AvKare was also entangled in an alleged book-cooking scheme by one of its suppliers, Georgia-based MiMedx, which had an arrangement to sell drugs directly to the VA through one of AvKare’s contracts. According to authorities, the company inflated sales by delivering drugs neither AvKare nor the federal government had ordered. This resulted in a pair of Department of Justice indictments against MiMedx’s top executives last November, and a $1.5 million Security and Exchange Commission penalty. MiMedx has never admitted to any wrongdoing, and AvKare was not accused in either case.
AvMedical wasn’t the only firm headed by a big GOP donor to score a first-time federal contract amid the COVID-19 crisis. Gastonia, North Carolina-based Parkdale Advanced Materials, got a whopping $543 million in orders for personal protective equipment, as first reported in Courthouse News. Parkdale CEO Andy Warlick has given $59,400 just this year to the National Republican Campaign Committee—and another $75,600 to committees affiliated with Rep. Patrick McHenry (R-NC). He also kicked $10,000 to the accounts of Rep. Greg Murphy (R-NC), and $2,800 each to Sen. Thom Tillis (R-NC), Rep. Dan Bishop (R-NC), and Rep. Nancy Mace (R-SC). Warlick also gave $5,000 to the political action committee of Rep. Amerish Bera (D-CA).
Another Gastonia firm, Beverly Knits, snagged a $43 million contract to manufacture hospital garb earlier this month.
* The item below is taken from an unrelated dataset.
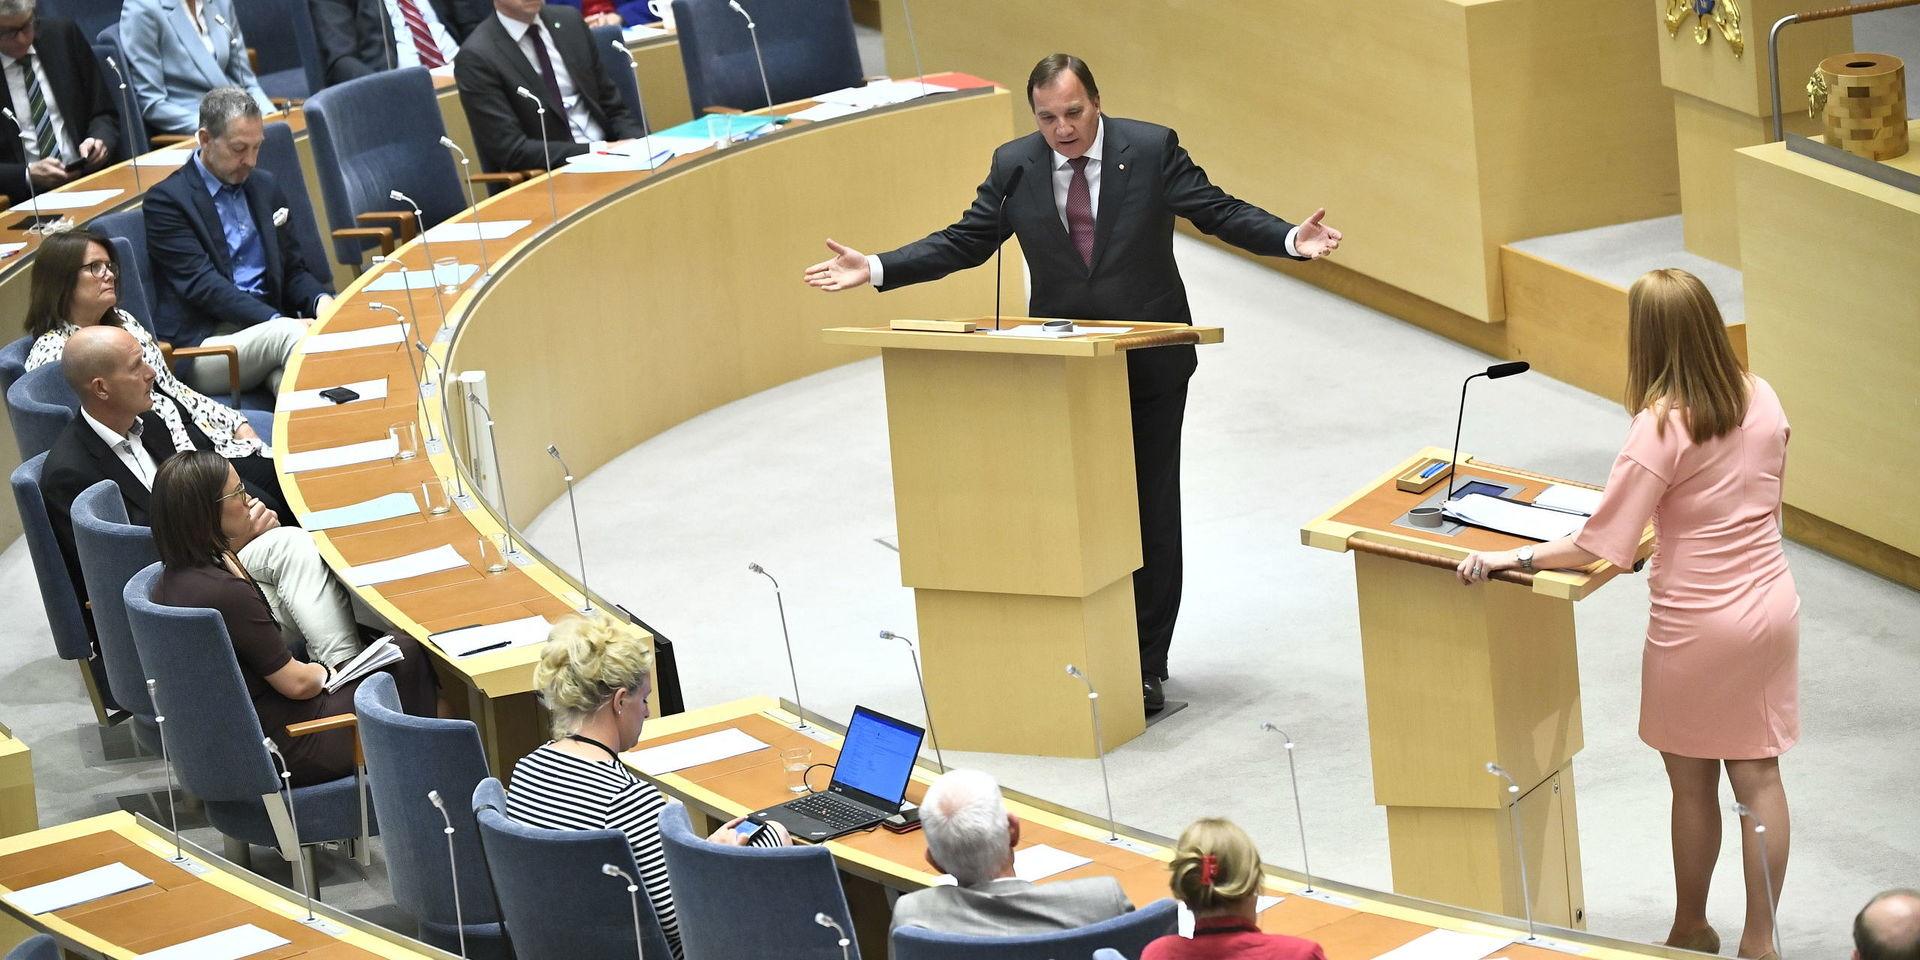 Bilden är tagen i riksdagen i juni i år under en partiledardebatt mellan Stefan Löfven (S) och Annie Lööf (C). Personerna på bilden har inget med insändaren att göra.

Company founder Robert Sytz has given $8,575 to the National Republican Senatorial Committee since 2018.
The VA maintained that all its vendors go through a standard vetting procedure, and asserted that the pandemic had obliged the agency to do business with many new parties.
“During this time of unprecedented global demand for PPE, VA must cast a wide net in order to ensure that we’re meeting our supply needs,” said spokeswoman Christina Noel.
Brendan M. Fischer, director of the Federal Reform Program at the Campaign Legal Center, said it’s not uncommon for federal contractors to have political action committees or individual members who give money to candidates as the law permits. But he said the Trump administration’s frantic efforts to combat COVID have increased the chances for ethical mishaps.
“The risk seems particularly acute here, with a White House that has prioritized fundraising from wealthy donors and also is very involved in the contracting process,” he said.